And I think the other thing I wanted to bring up about that too, is that in that program I was in, I would say I’m generally speaking, but I would say that most of the kids in this program were struggling financially at home. Came from families that were right above or under the poverty line, which is why they were having emotional issues in school.

They were kids that might’ve had dysfunctional family homes. So the emphasis on all of us going to college definitely came from the best place possible. But I think something that I think about now is that when we’re 17 years old, for the most part and applying for college, we’re about to make the first real adult decision in our entire lives.
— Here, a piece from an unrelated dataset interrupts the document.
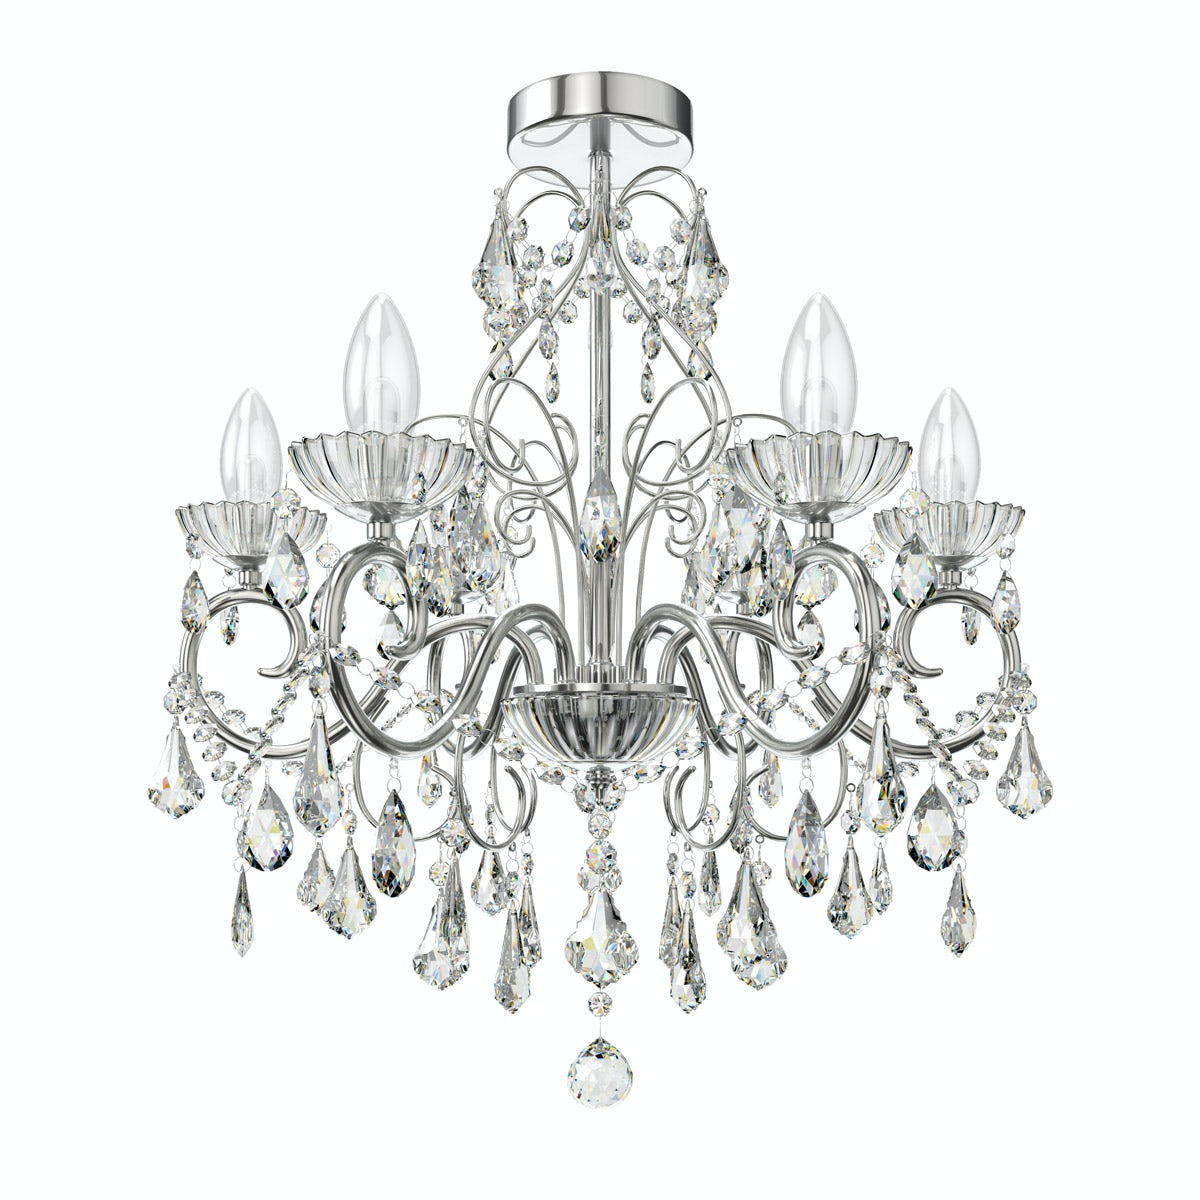 Forum Solen 5 light bathroom chandelier at VictoriaPlum.com
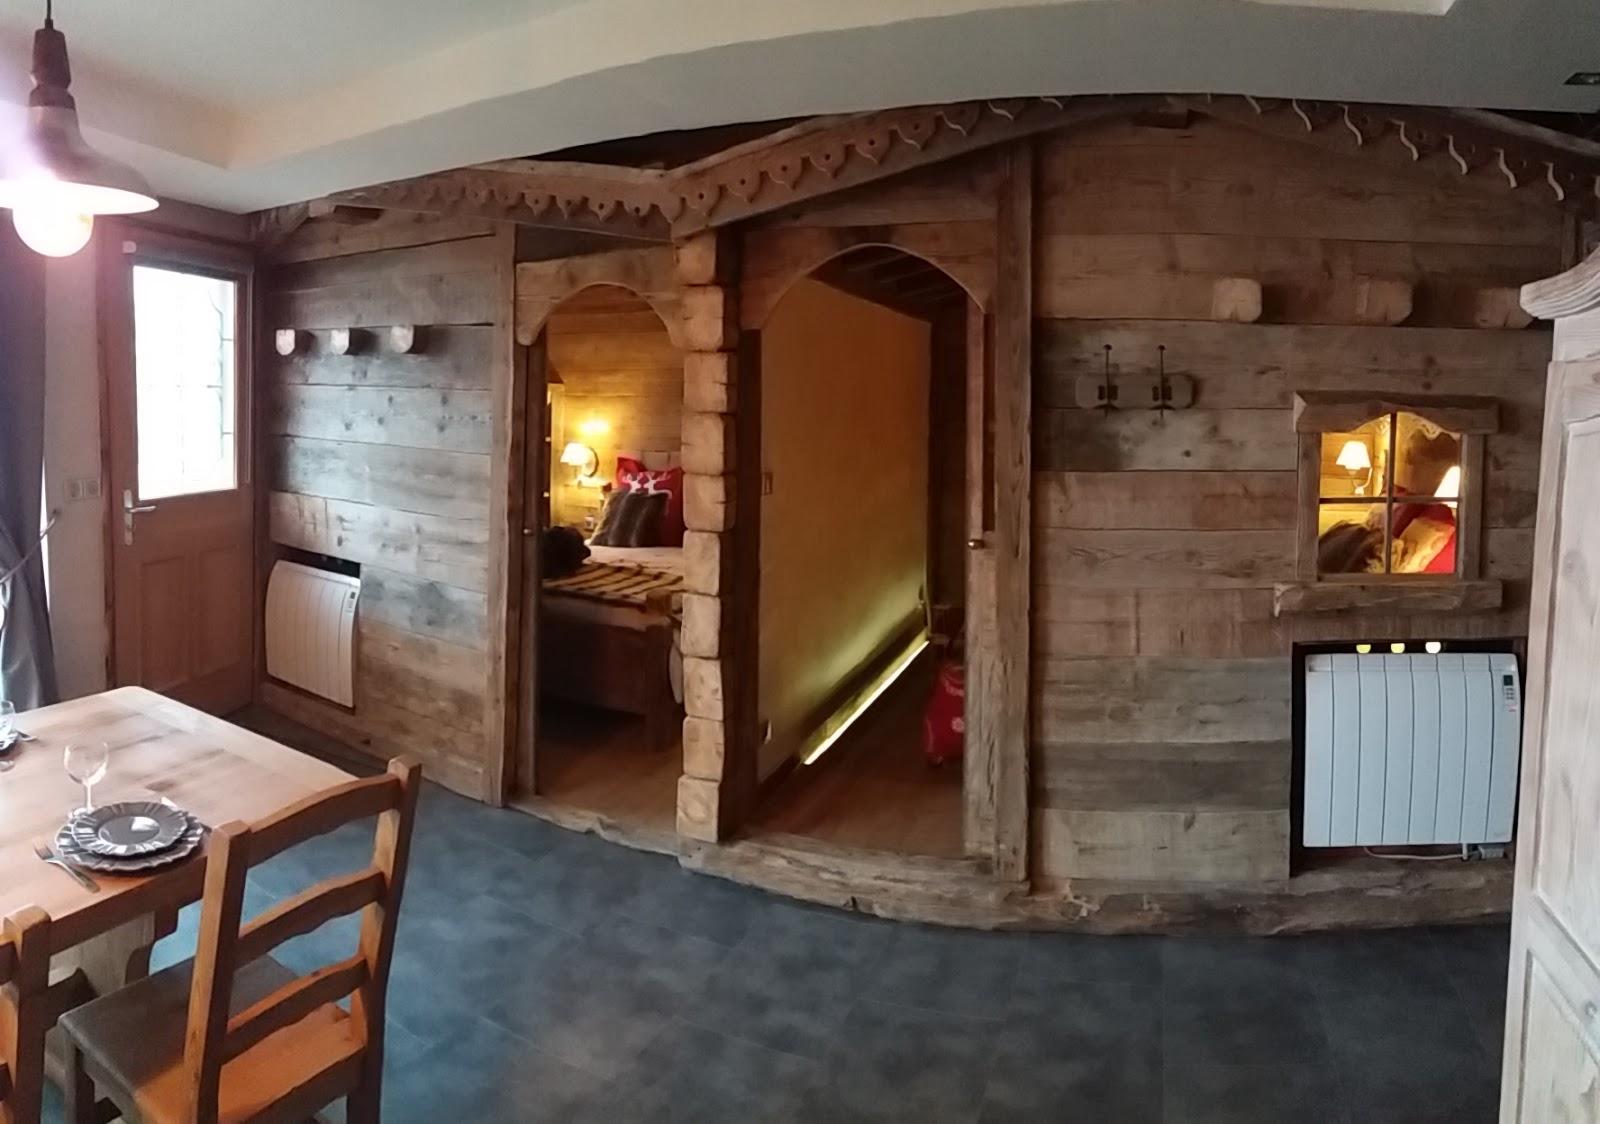 chambres d hôtes et gîte, les balcons de la cochette, lac d annecy

And we’re asking kids to make the decision: do you want to go into debt as a 17-year-old, vulnerable human being that hasn’t had a lot of life experience yet? Do you want to go into debt to go to college or do you not want to? What a crazy thing that we make 17-year-olds choose. And I just think about myself in that moment and all the kids around me trying so hard to get out of the situations they were in at home and the decisions that we had to make.

Nikki Nolan: Yeah. And I feel it’s not even posed to people that way. It’s like, do you want a future? Or don’t you want a future? It’s not even posed do you want to accrue this level of debt? And even if it was posed, do you want to go into debt, you can invest in your education. It’s not like when you buy a house and they say, this is how much you’re going to owe, and this is when you’re going to pay it off. And this is how much interest. It’s so variable, especially because we have these income-based repayment plans, which goes into negative amortization, which is something that is like ridiculous. Which is why everyone gets so upside down on their loans is because they can’t, they don’t even make enough in the payment to even cover the interest.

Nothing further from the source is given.